O governo financiaria jovens que iriam para os quartéis serem doutrinados com “OSPB” e, depois, por 200 reais por mês, estariam disponíveis para “ações governamentais”. OSPB nem matéria escolar é. Tenho 49 anos, portanto, sou da geração que teve OSPB e Moral e Cívica na escola, se dava nesta matéria, aquilo que cada escola desejava. Obviamente que, usando-se as forças armadas para amestrar jovens, através de “OSPB”, não vai se ensinar a eles “direitos humanos”. Jovens pobres (nenhum jovem de classe média vai se alistar para ganhar 200 reais por mês) que serão doutrinados e estarão ao dispor do Bolsonarismo, para qualquer ação por uma ninharia, e tudo pago com dinheiro público. Óbvio que temos que evitar isto e como evitar isto, a maior tragédia é que de maneira clara e aberta o bolsonarismo tenha coragem de propor a criação de uma milícia paga com dinheiro público, sem acobertamentos, sem subterfúgios.

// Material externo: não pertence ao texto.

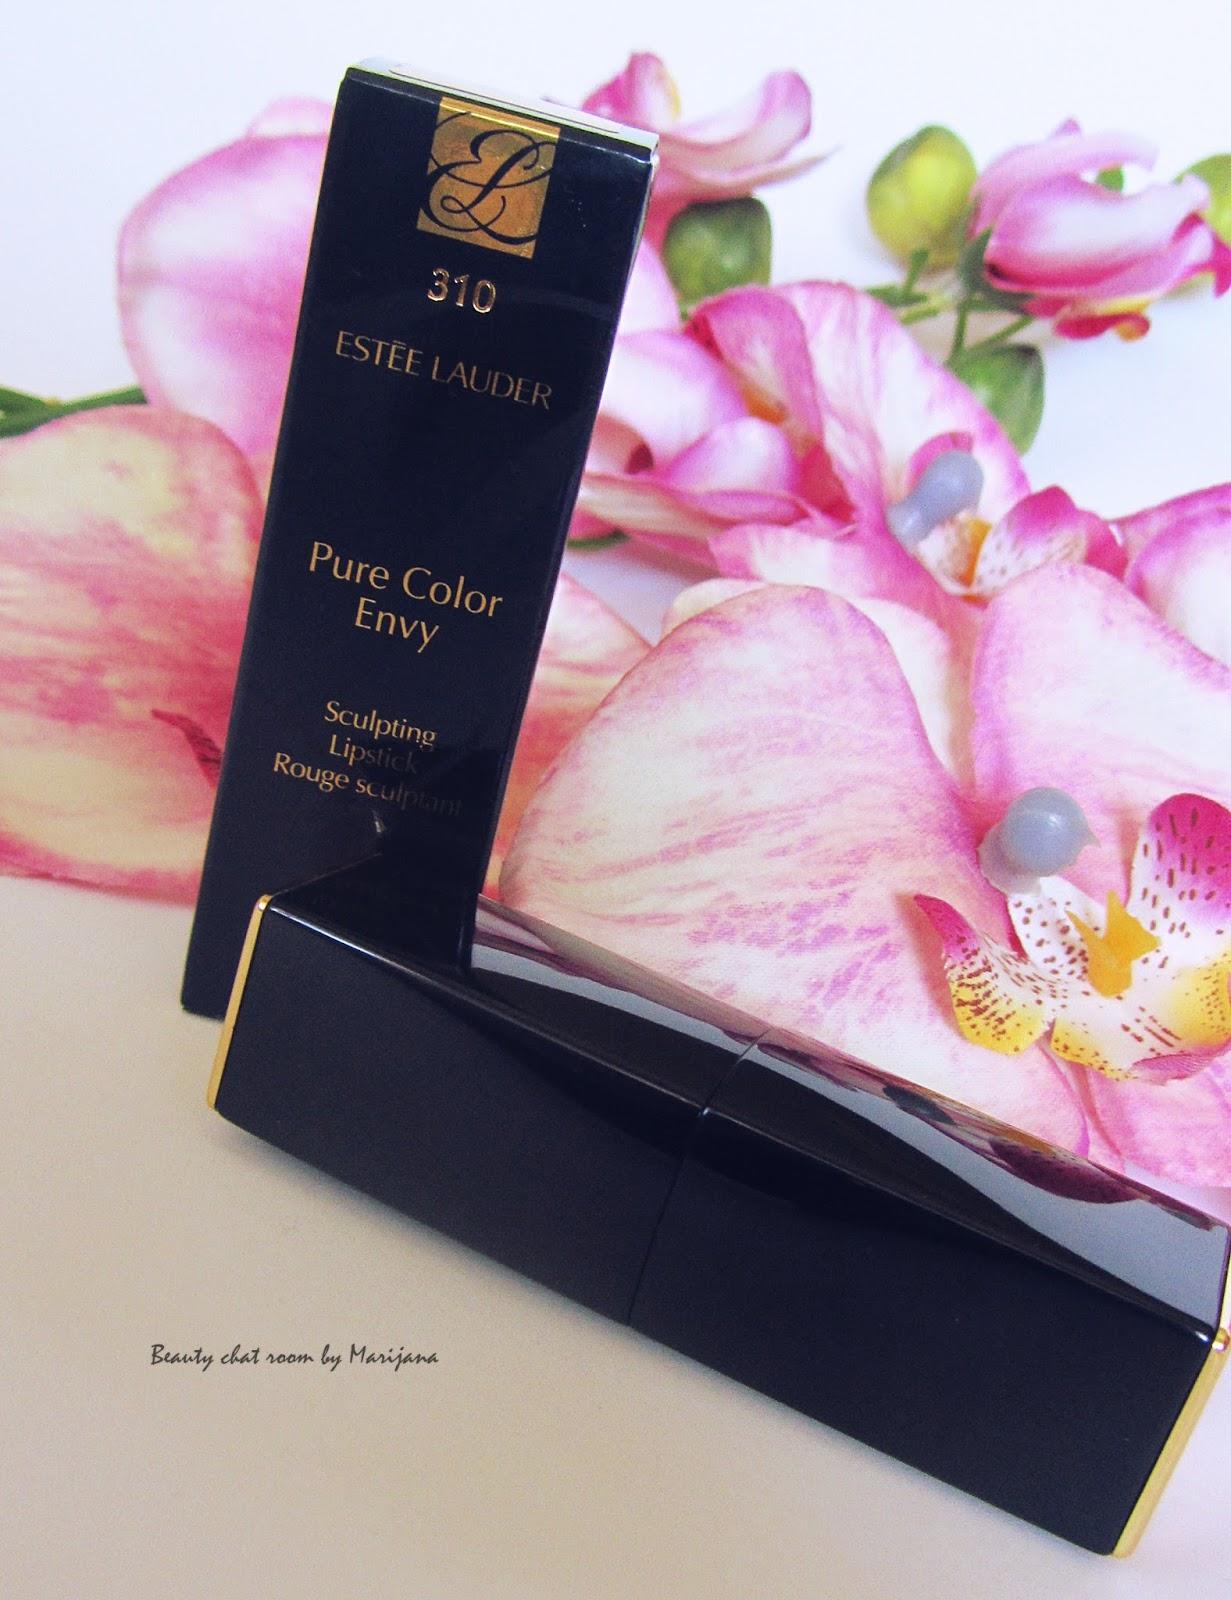 Estee Lauder Pure Color Envy Lipstick 130
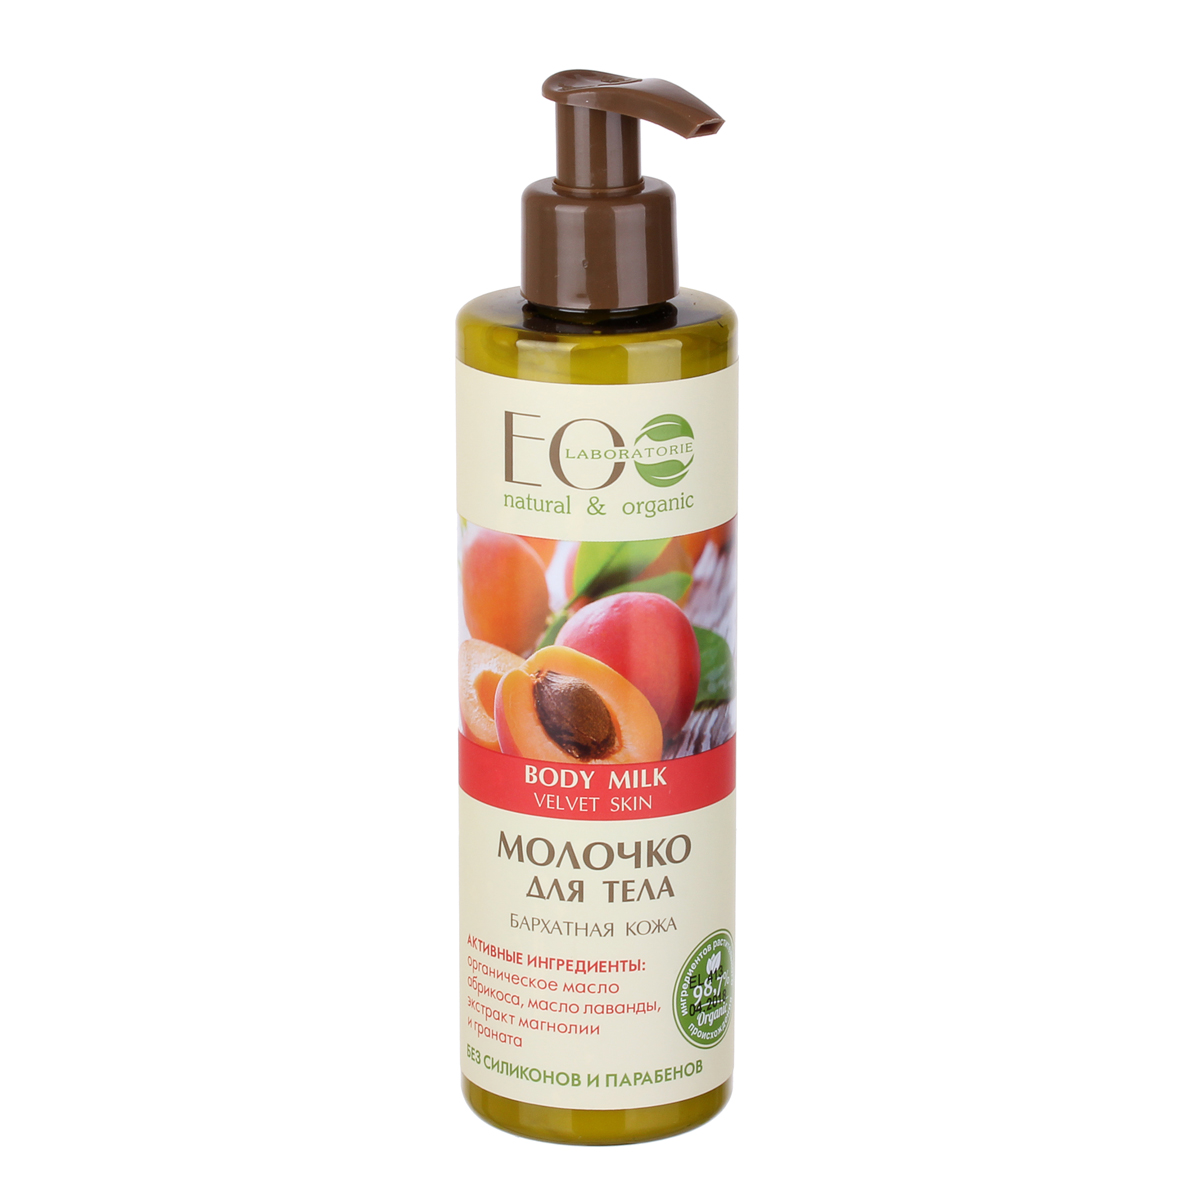 EO laboratorie Молочко для тела Бархатная кожа 250 мл4627089430878Способствует поддержанию молодости кожи, ее обновлению и восстановлению. Увлажняет, смягчает кожу, делает её шелковистой, препятствует обезвоживанию, нейтрализует вредное воздействие ультрафиолетовых лучей. Активные ингредиенты: органическое масло абрикоса, масло лаванды, экстракт магнолии и граната

O anjo da história, tese IX de Benjamin, olha para o passado, para a sucessão de tragédias e catástrofes, para o sofrimento dos humilhados e derrotados, mas é impelido por um vento irresistível para o futuro. É impossível parar a roda da história, mas sim, é possível evitar as catástrofes, as tragédias, antes que elas aconteçam. O bolsonarismo já desdenha ocultar que declarou uma guerra de morte à frágil democracia brasileira. Temos que estar alertas e desarmar seus planos, destruir sua tentativa de criação de um gigantesco exército paramilitar. Ou paramos esta construção, o autômato do mal absoluto e estrutural, ou ele ficará maior que Bolsonaro.
Um exército de paramilitares, milicianos, armados até os dentes, de jovens alistados e mal pagos para cumprir tarefas de uma seita nazista, lutando contra um inimigo imaginário, é uma séria ameaça à democracia, que está sendo arquitetada, tijolo por tijolo, frente a nossos olhos complacentes.